OpenAI Realtime Audio API: Voice Agents Guide 2026
On May 7, 2026, OpenAI quietly made voice agents production-viable. Three new realtime audio models landed in the API at the same time: GPT-Realtime-2 (voice with GPT-5-class reasoning), GPT-Realtime-Translate (live speech-to-speech translation across 70+ languages), and GPT-Realtime-Whisper (streaming speech-to-text billed by the minute). Each model has its own pricing, endpoint, and use-case fit.
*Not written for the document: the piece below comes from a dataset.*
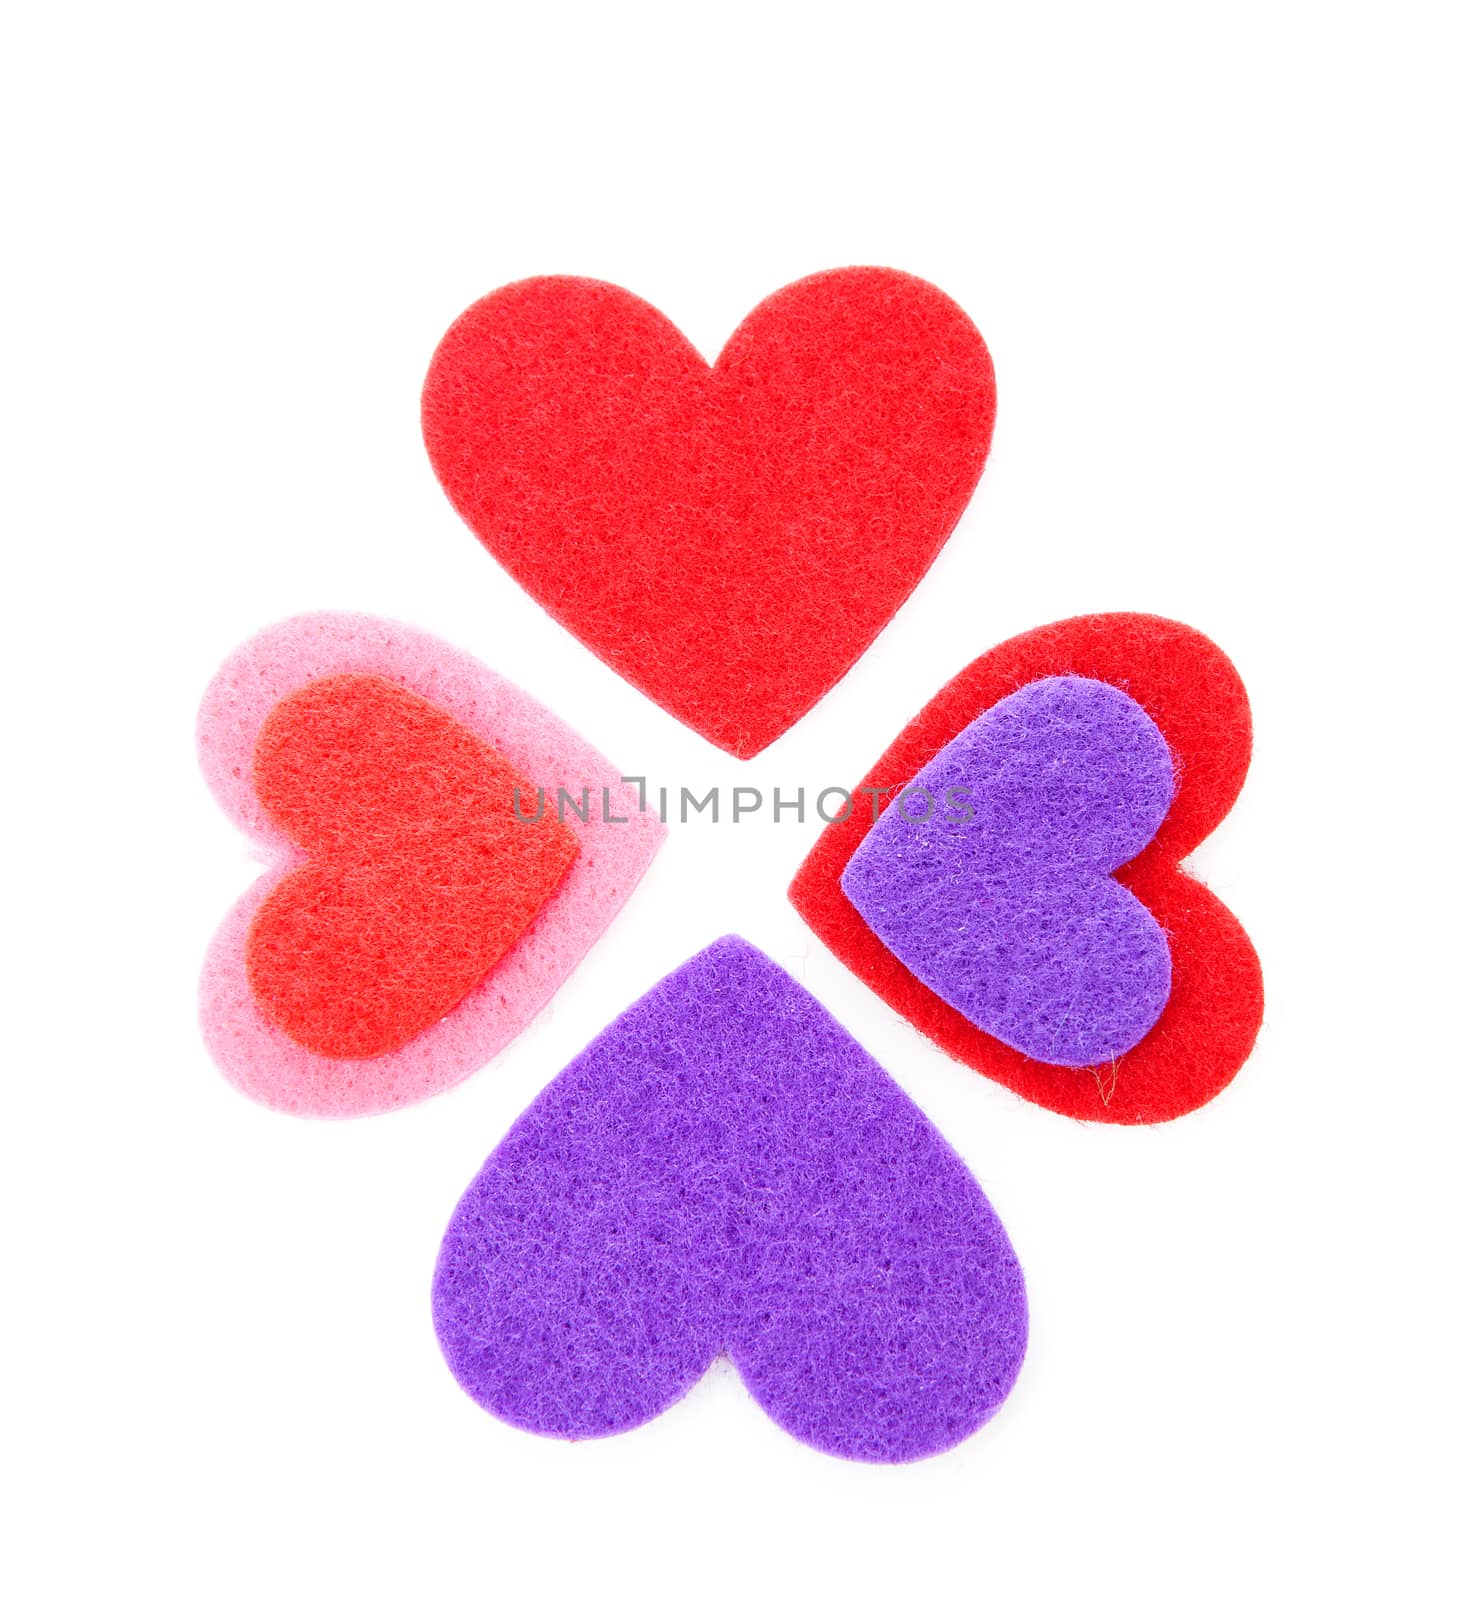 Four hearts made of felt over white background

If you have been waiting for a stable, production-ready voice API before building, the wait is over. This guide walks through what each model does, how to connect to the API, what it costs, and the production patterns that separate a working demo from a robust voice agent. To wire voice into a larger agent system, our OpenAI Agents SDK multi-agent tutorial covers the orchestration layer.
Effloow Lab inspected the Realtime API protocol and validated client-side event structures locally before writing this. Full live testing requires an OpenAI API key, so where it matters we mark what we verified against the docs and what we did not run end to end. The protocol validation note is public if you want to see the exact checks.
Why This Release Matters
Previous versions of the Realtime API required working around a 32K-token context ceiling, managing your own speech-to-text pipeline, and accepting that the model would sometimes lose the thread of a long conversation. GPT-Realtime-2 removes these constraints:
- Context window expanded to 128K tokens — four times the previous limit, enough for multi-turn conversations spanning tens of minutes
- GPT-5-class reasoning integrated directly — the model can call tools, reason through steps, and respond, all without leaving the audio stream
- Three specialized models instead of one general voice model, each optimized for a specific cost-performance point
The split into three models is also a pricing move. If you only need transcription, GPT-Realtime-Whisper at $0.017/minute is dramatically cheaper than running voice inference at $32/1M tokens. Choose the right model and you can cut costs by 80–90% relative to using GPT-Realtime-2 for everything.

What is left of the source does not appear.